Education is one of the best solutions to child marriage. However, a lack of secondary schools means girls in rural areas often live far from their nearest school. If they cannot travel there safely, or have started menstruating and there are no sex-segregated toilets, they may miss school. Married girls with children may lack child support facilities or may not be allowed to return to school.

In Emburbul there is a ’nursery’ school in the village for ages 5-7. It is a building that is almost roofless and there is only one book. After nursery school, children can attend ‘primary’ school  (ages 7-14) in Nainokanoka,  a 4 mile walk each way. Secondary school is ages 15-19.

However, Human Rights Watch has highlighted that the Tanzanian government’s Primary School Leaving Examination, which determines which pupils may continue on to secondary school, exposes girls to child marriage.
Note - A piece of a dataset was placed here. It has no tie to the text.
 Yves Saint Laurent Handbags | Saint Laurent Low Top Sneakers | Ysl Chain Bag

Adolescent girls are sometimes forced to marry after failing the exam, whilst mandatory pregnancy tests and expelling pregnant and married girls from school also violates girls’ rights.
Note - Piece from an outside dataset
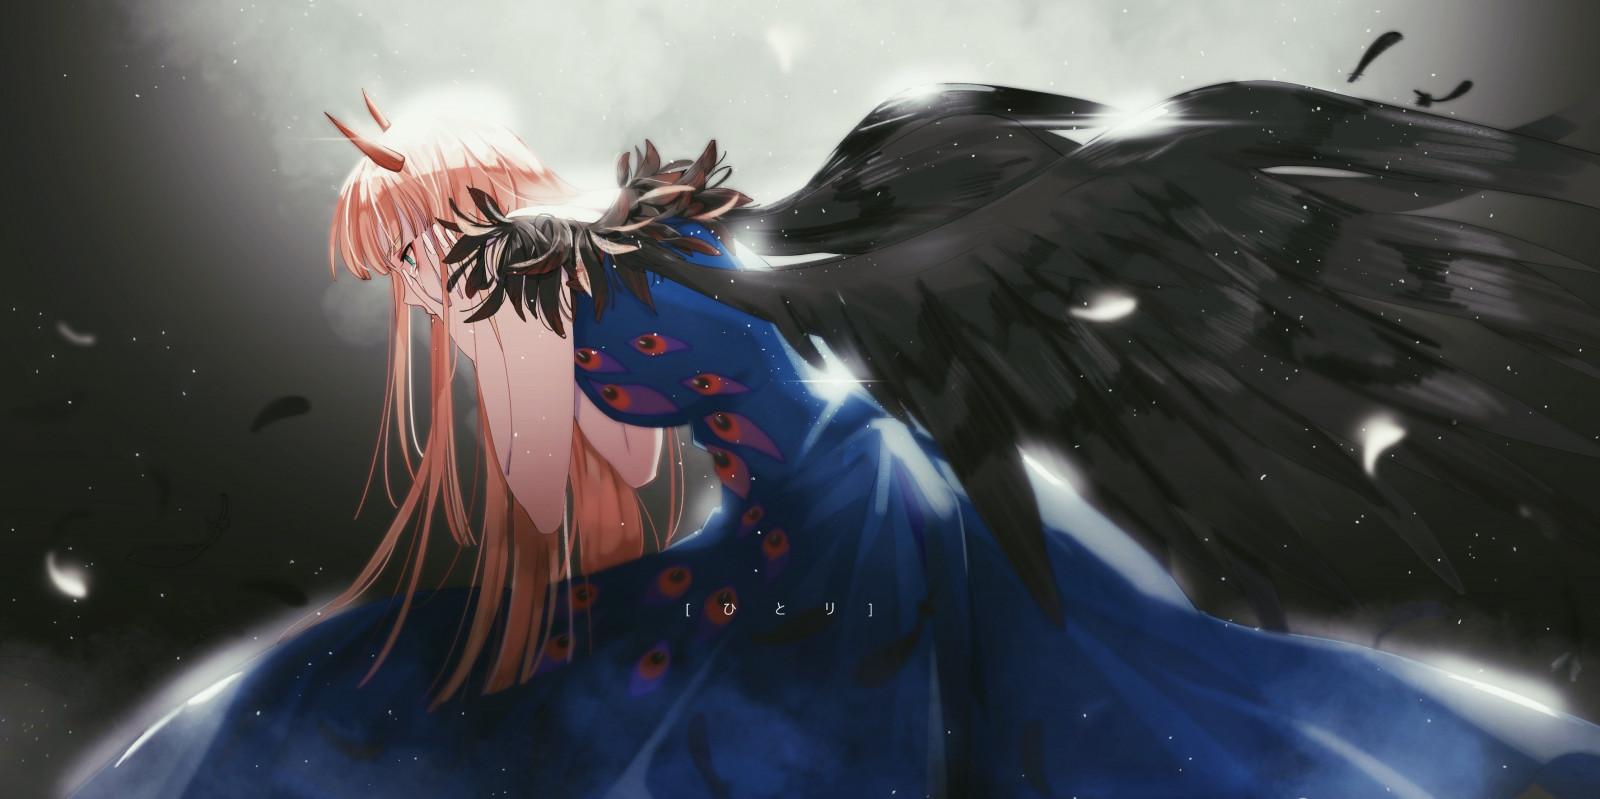 Wallpaper : Anime Girls, Darling In The FranXX, Darling In

The fact that children in Emburbul have to walk 4 miles to school and 4 miles back is the main reason many parents do not send their child to school, especially girls. Recently the Emburbul community decided to send their children to a free boarding school in Nainokanoka. However the boarding school does not take children under age 9, so that leaves a big gap in education.

We are putting in place a program to provide uniforms to all girls and also to some of the boys who do not have uniforms. There are only 25 girls to 80 boys. Some other incentive may be needed to encourage parents to send their girls to school. Uniforms are about $25 each.

We have also sent 3 girls, ages 5-8 to English Boarding school. This requires funding of about $1000 per year for each girl.

We hope to build up the village school and perhaps make it for ages 5-8 so that children don’t have to walk 8 miles round trip to school. It costs about $15,000 to build a new school under the One-Day School program run by the Seventh Day Adventists in Tanzania.

For girls to refuse marriage, they have to understand and ‘own’ their rights, and be able to support their own life plans.

Programs to eradicate child marriage should equip girls with training, skills, and information, and provide safe spaces and support networks.

This means providing girls with the chance to connect with their peers and support each other as well as having access to formal support services.

Marie Stopes has told us that they offer a program for youth. We will also be looking into this youth program. Marie Stopes has already provided family planning to some of the women in Emburbul. We think the Marie Stopes program will empower girls and also make them aware of how they can become pregnant and how to avoid it.

We also are planning a smart phone program and series of educational videos to be installed on the smart phones. We are thinking of ways the smartphones can be used as incentives to get girls into school.

Some of the smartphone videos will provide sex education to both girls and boys. Sex education has been proven helpful in preventing pregnancy for adolescents.

Women’s and girls rights will be the subject of smartphone videos for women.

In addition, there should be available real alternatives to marriage – different lifestyles and roles for unmarried girls that girls and their families value and respect.

We are also sponsoring a young woman in health college and a young man in veterinary college. Educated people, especially female, can serve as models for the generation to come.

Families, communities, young people and the media should be engaged to work together to address  deep-rooted values and traditions by engaging to change attitudes and behaviors related to child marriage.

In the new Emburbul organization. its constitution allows youth to have their own representatives who have some voting power at the General Assemblies. Girls and boys will have equal representation. We hope this will allow youth, and particularly girls, to have a voice in their future.

Legislation on the minimum age for marriage must form part of a broader legal framework that protects women and girls’ rights – from property rights and protection from violence, to support for those wishing to leave a marriage. Any loopholes – for example related to parental consent or customary laws – must be removed.